Oliva-Lozano José M, Vidal Miguel, Yousefian Farzad, Cost Rick, Gabbett Tim J
United States Soccer Federation, Chicago, IL, United States.
CIDESD, Research Center in Sports Sciences, Health Sciences and Human Development, Department of Sport Sciences, University of Beira Interior, Covilhã, Portugal.
J Hum Kinet. 2025 May 29;98:169-182. doi: 10.5114/jhk/195563. eCollection 2025 Jul.
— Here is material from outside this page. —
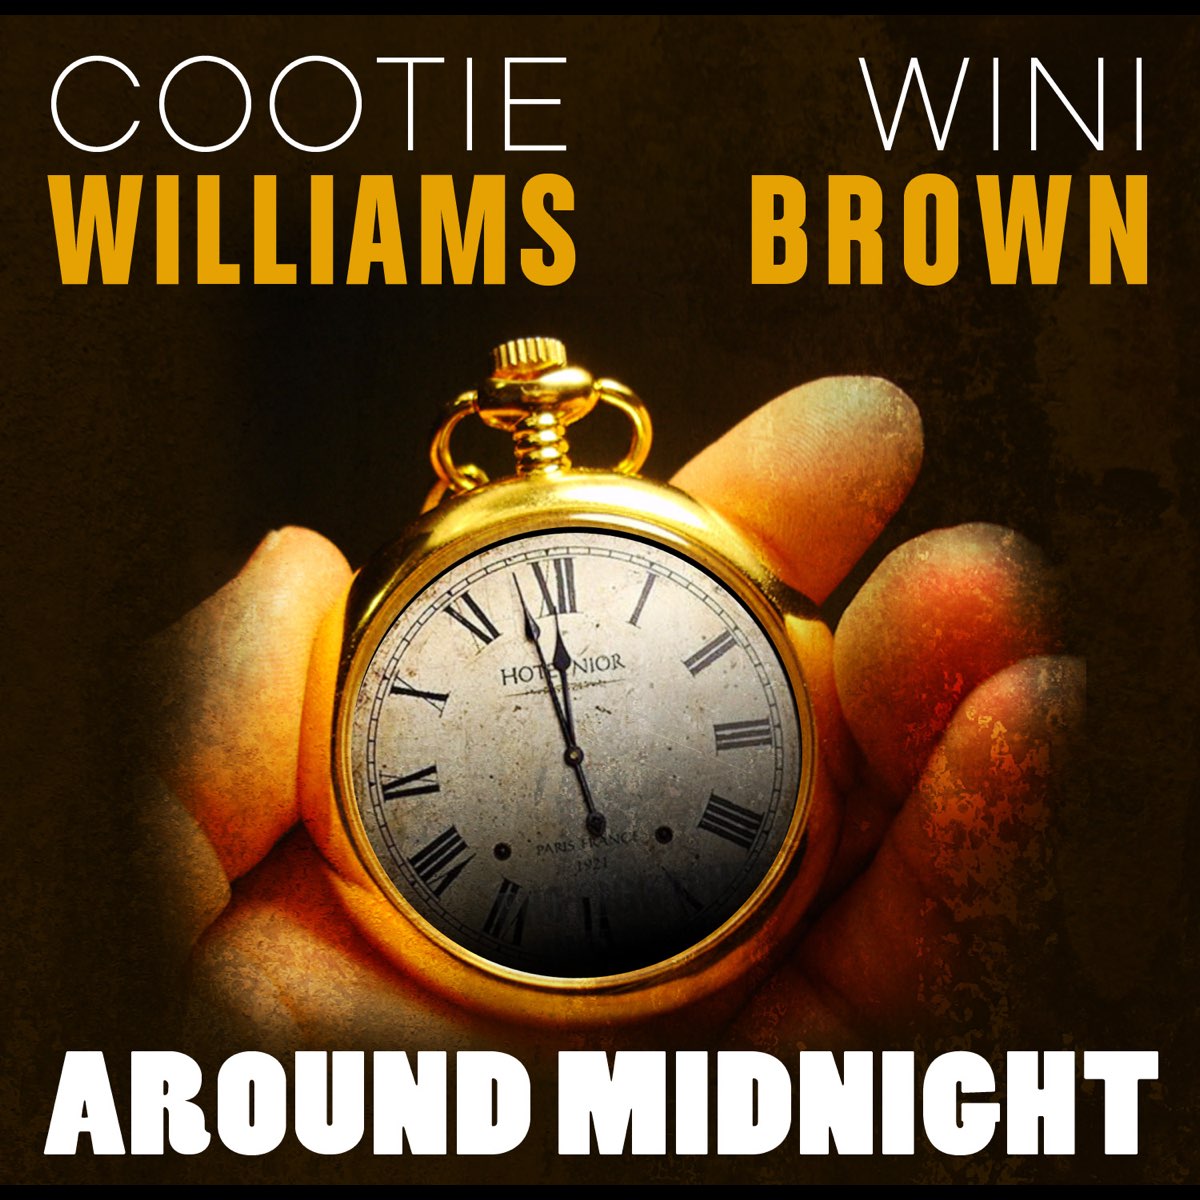 Around midnight. Cootie Williams.

The aim of this study was to build an XGBoost model to predict the match outcome and analyze match-related technical, tactical and physical performance features that may influence the predicted outcome of the match. This is an observational study which follows a retrospective design. The FIFA post-match summary reports were downloaded at the end of the 2023 Women's World Cup and used to create a dataset which consisted of match-related technical, tactical and physical performance variables. Then, an XGBoost model was built to predict the match outcome and investigate which performance features might influence the predicted outcome of the match. The overall model achieved accuracy of 0.58 ± 0.05. Losses and wins had similar predictive accuracy (0.67 ± 0.06 and 0.67 ± 0.08, respectively), but the prediction of draws performed was significantly worse with accuracy of 0.32 ± 0.16. The top ten features for predicting wins were: (1) out to in actions by the opponent, (2) attempts at the goal, (3) in-behind actions, (4) interceptions by the opponent, (5) loose ball receptions, (6) sprinting per minute by the opponent, (7) offers received by the opponent, (8) in-front opponent, (9) interceptions, and (10) total distance per minute. The top ten features for predicting losses were: (1) attempts at the goal by the opponent, (2) interceptions, (3) out to in actions, (4) possessions interrupted, (5) loose ball receptions by the opponent, (6) in front movements, (7) distance covered by the opponent, (8) in-behind actions by the opponent, (9) total distance, and (10) sprinting per minute. In conclusion, using an XGBoost model, this is the first study to successfully predict the match outcome for wins and losses from the FIFA Women's World Cup, but also explain which features significantly influence the prediction. This study may serve as a guide for practitioners regarding the use and application of XGBoost models in high performance.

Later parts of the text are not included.